INPUT DATA:
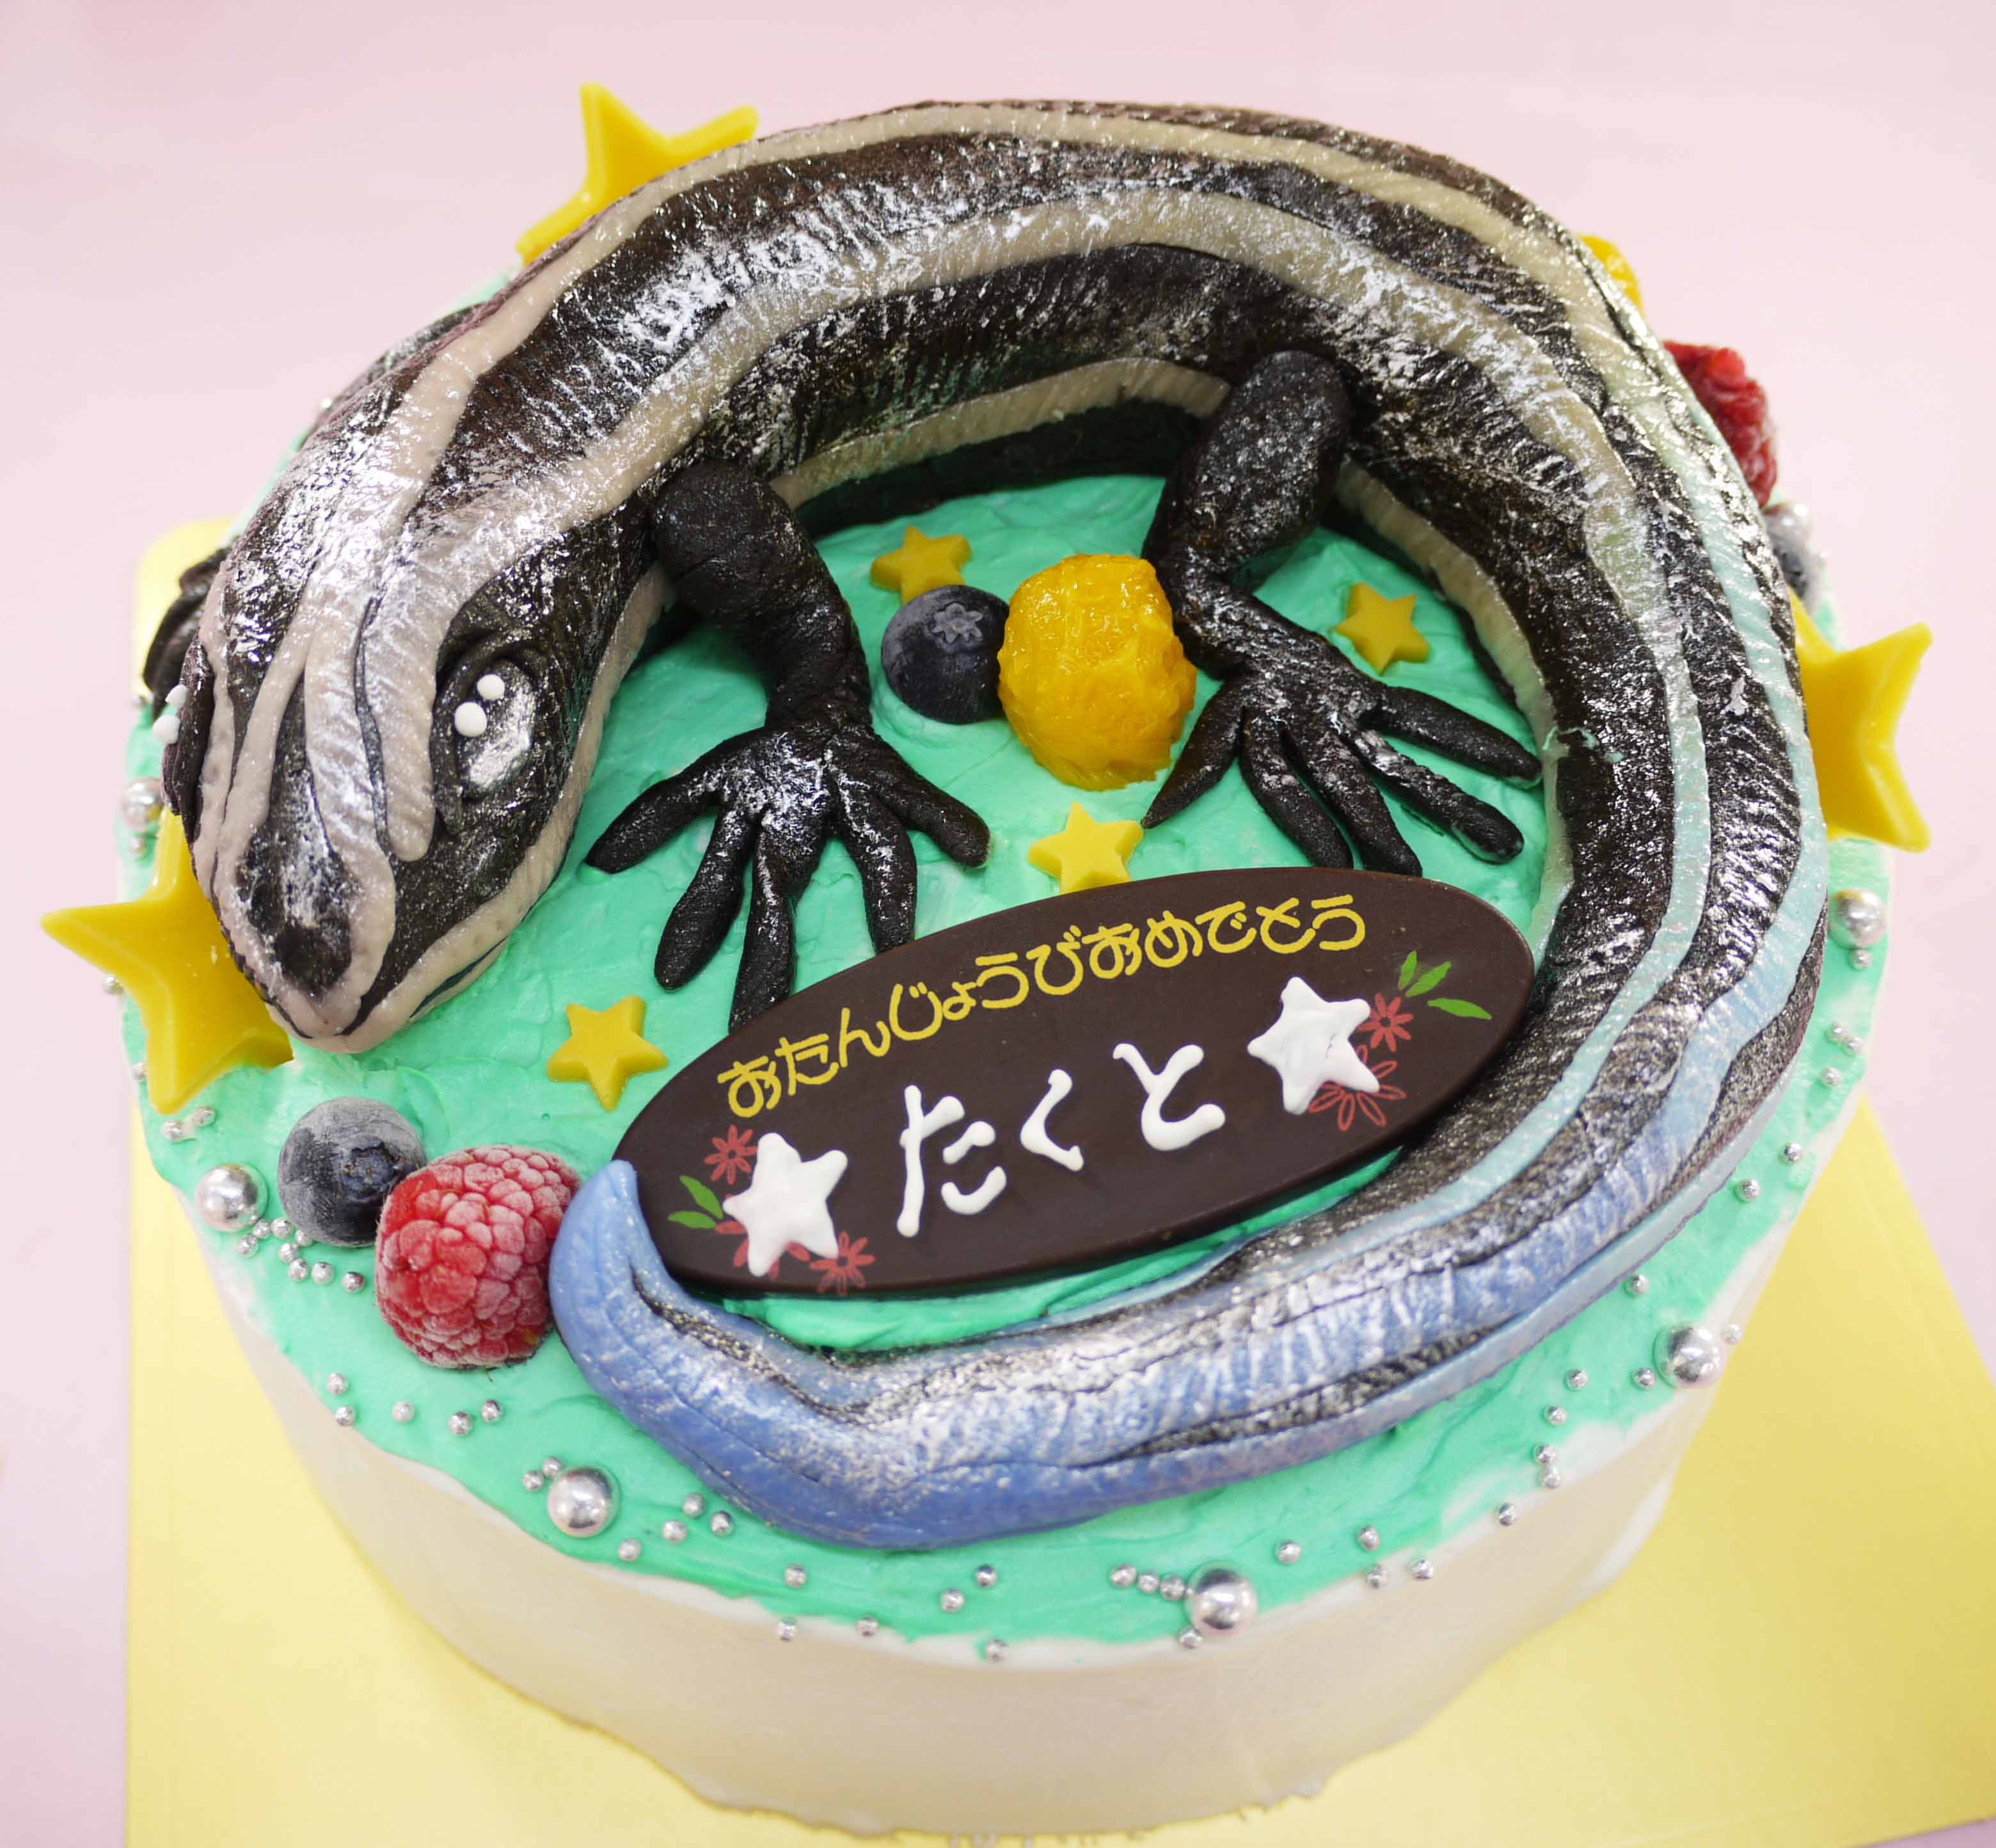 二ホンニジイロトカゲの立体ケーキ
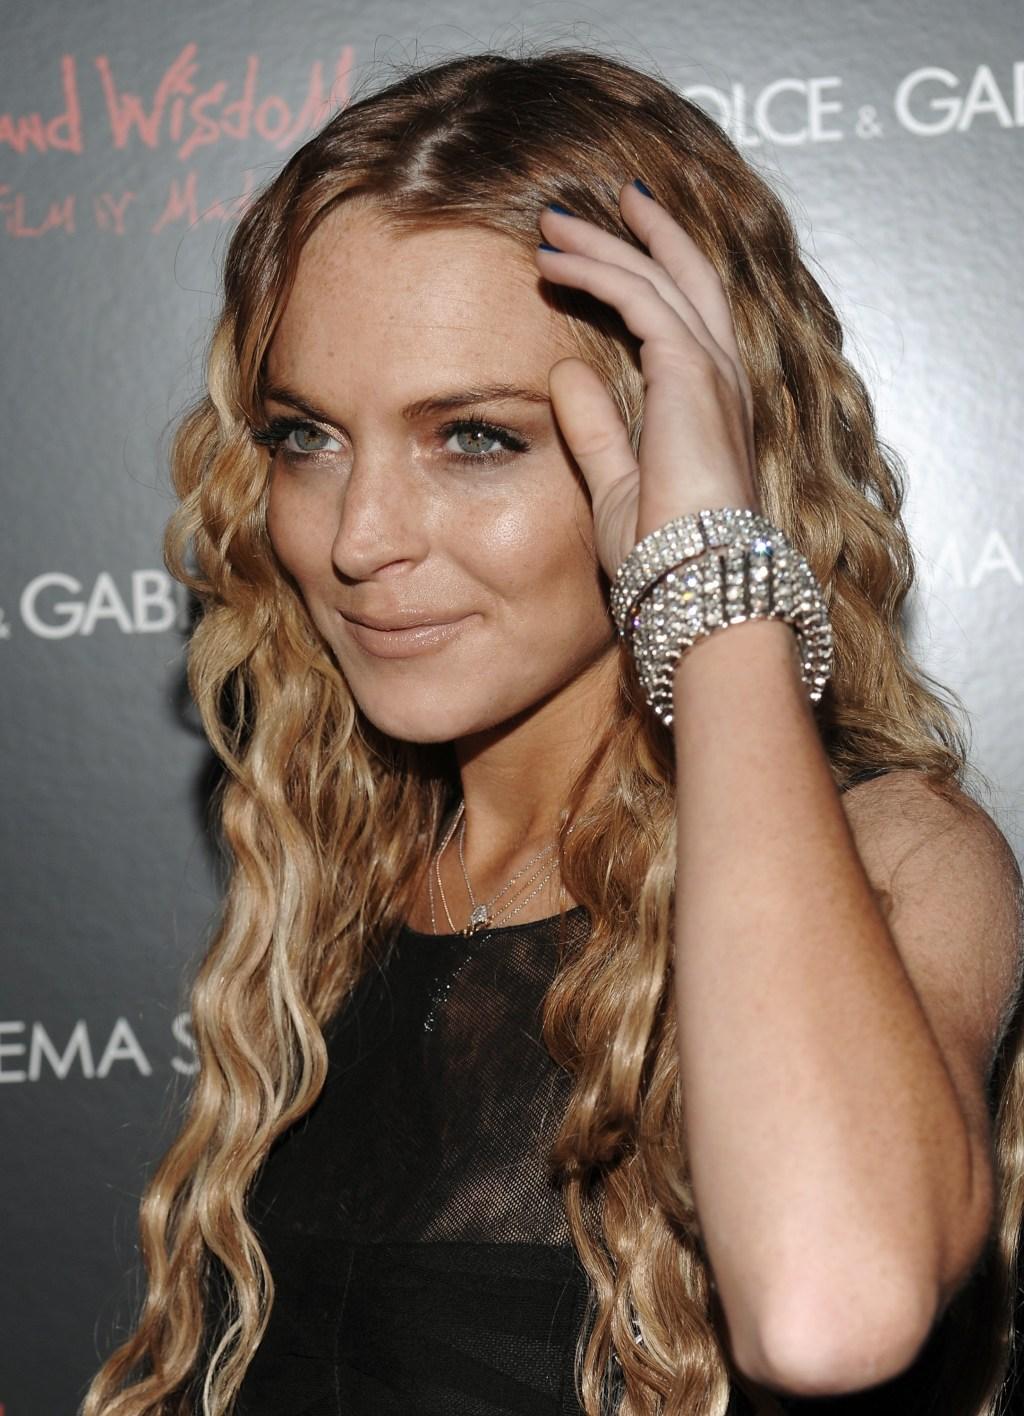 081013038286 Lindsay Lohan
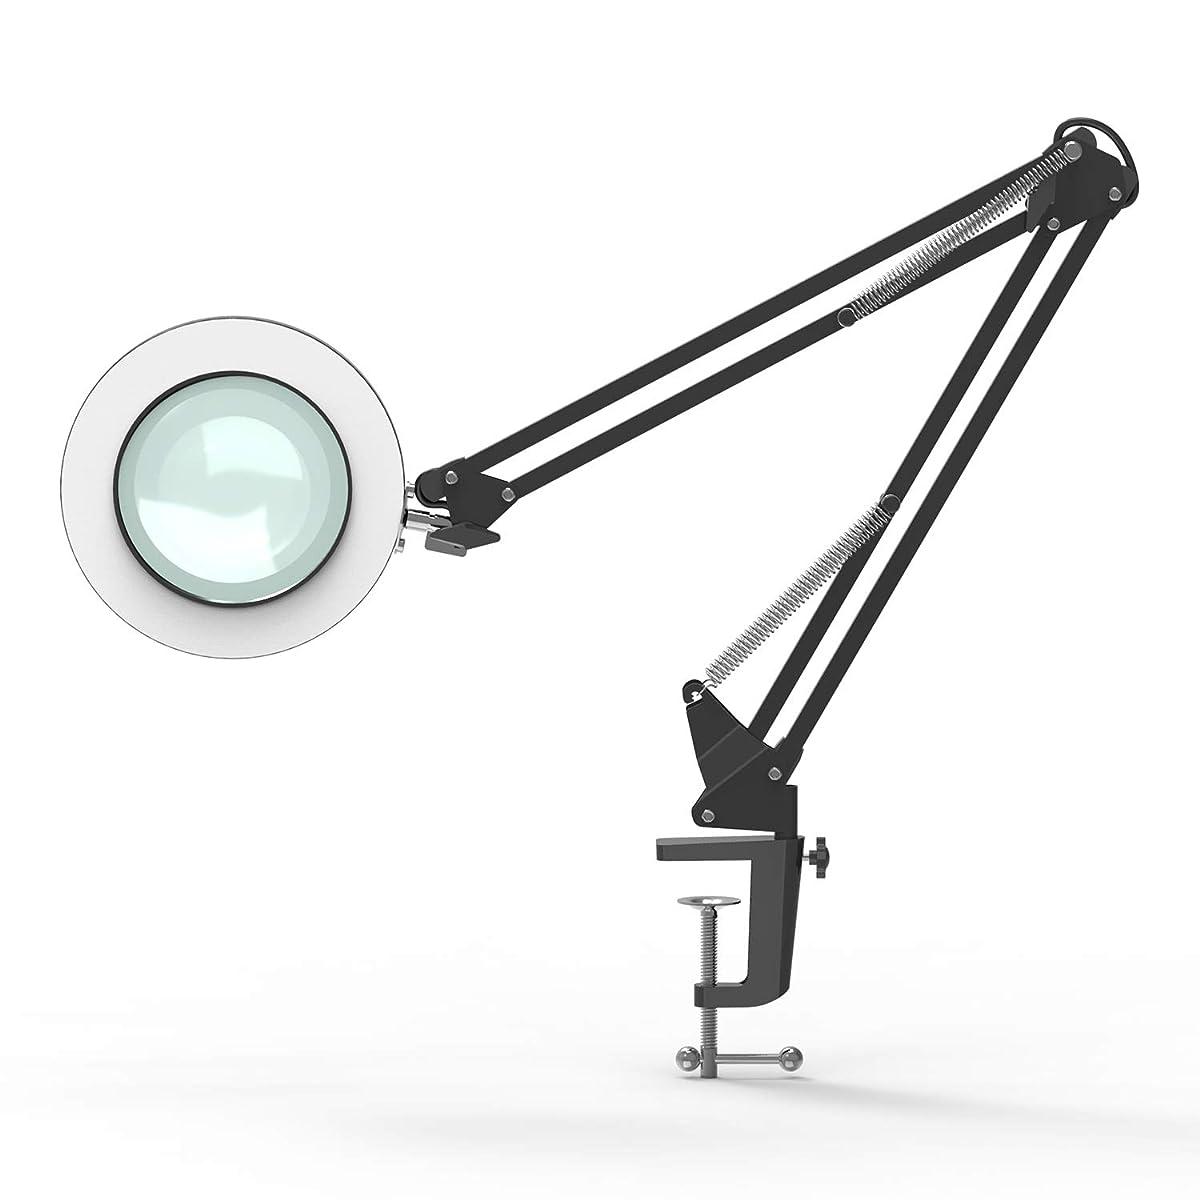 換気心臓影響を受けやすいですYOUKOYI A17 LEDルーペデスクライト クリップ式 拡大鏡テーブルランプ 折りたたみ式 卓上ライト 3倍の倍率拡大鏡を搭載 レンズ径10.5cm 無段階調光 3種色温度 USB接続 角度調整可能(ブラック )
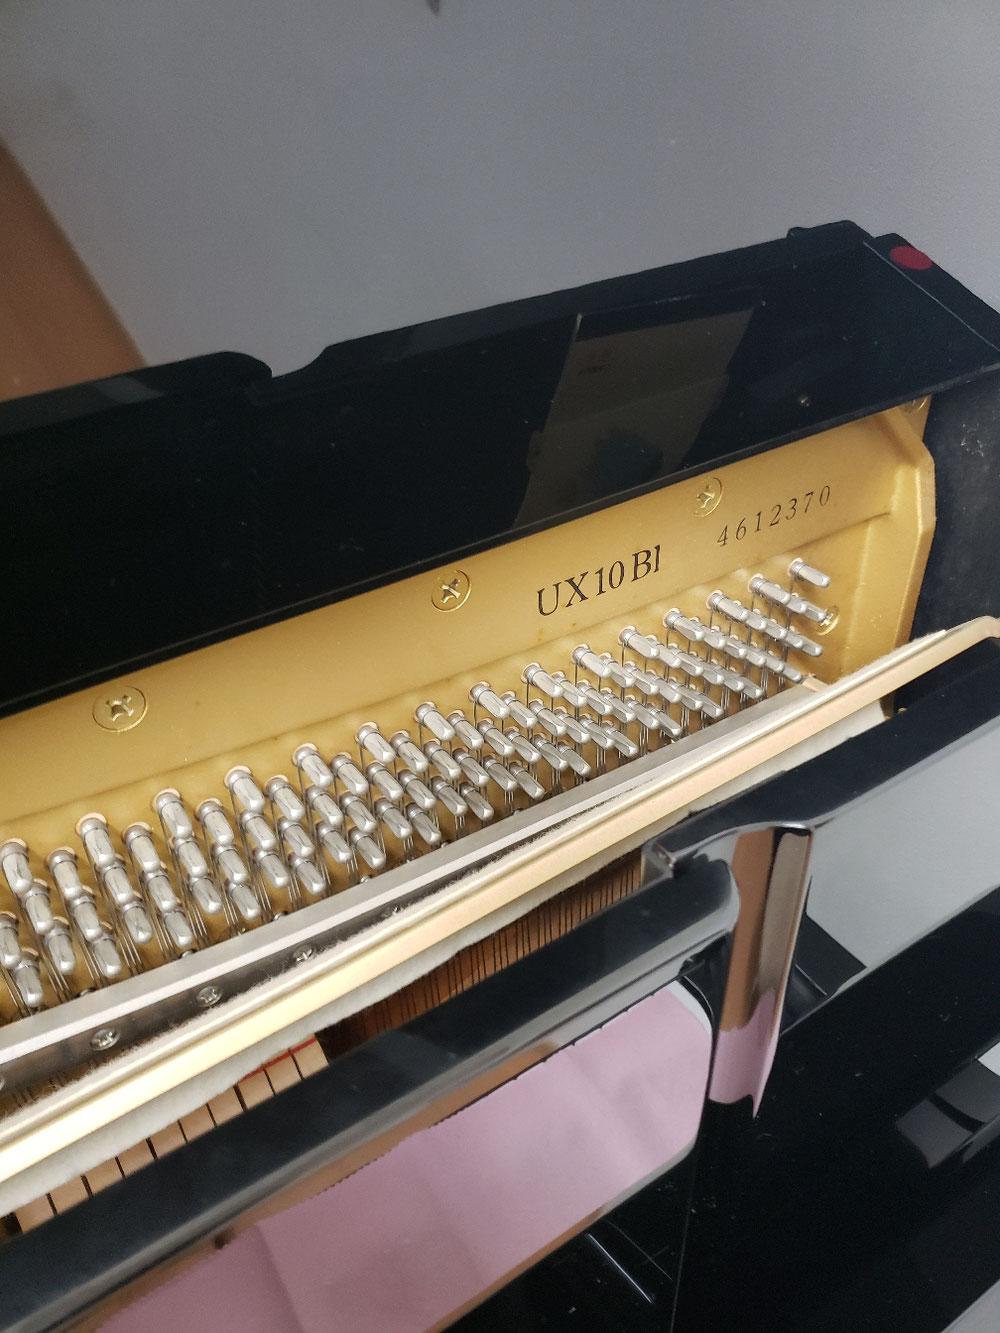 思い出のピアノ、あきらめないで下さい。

EXERCISE BRIEF:
Please set down the whole listing above exactly and skip every picture.

RESPONSE TO THE EXERCISE:
 二ホンニジイロトカゲの立体ケーキ
 081013038286 Lindsay Lohan
 換気心臓影響を受けやすいですYOUKOYI A17 LEDルーペデスクライト クリップ式 拡大鏡テーブルランプ 折りたたみ式 卓上ライト 3倍の倍率拡大鏡を搭載 レンズ径10.5cm 無段階調光 3種色温度 USB接続 角度調整可能(ブラック )
 思い出のピアノ、あきらめないで下さい。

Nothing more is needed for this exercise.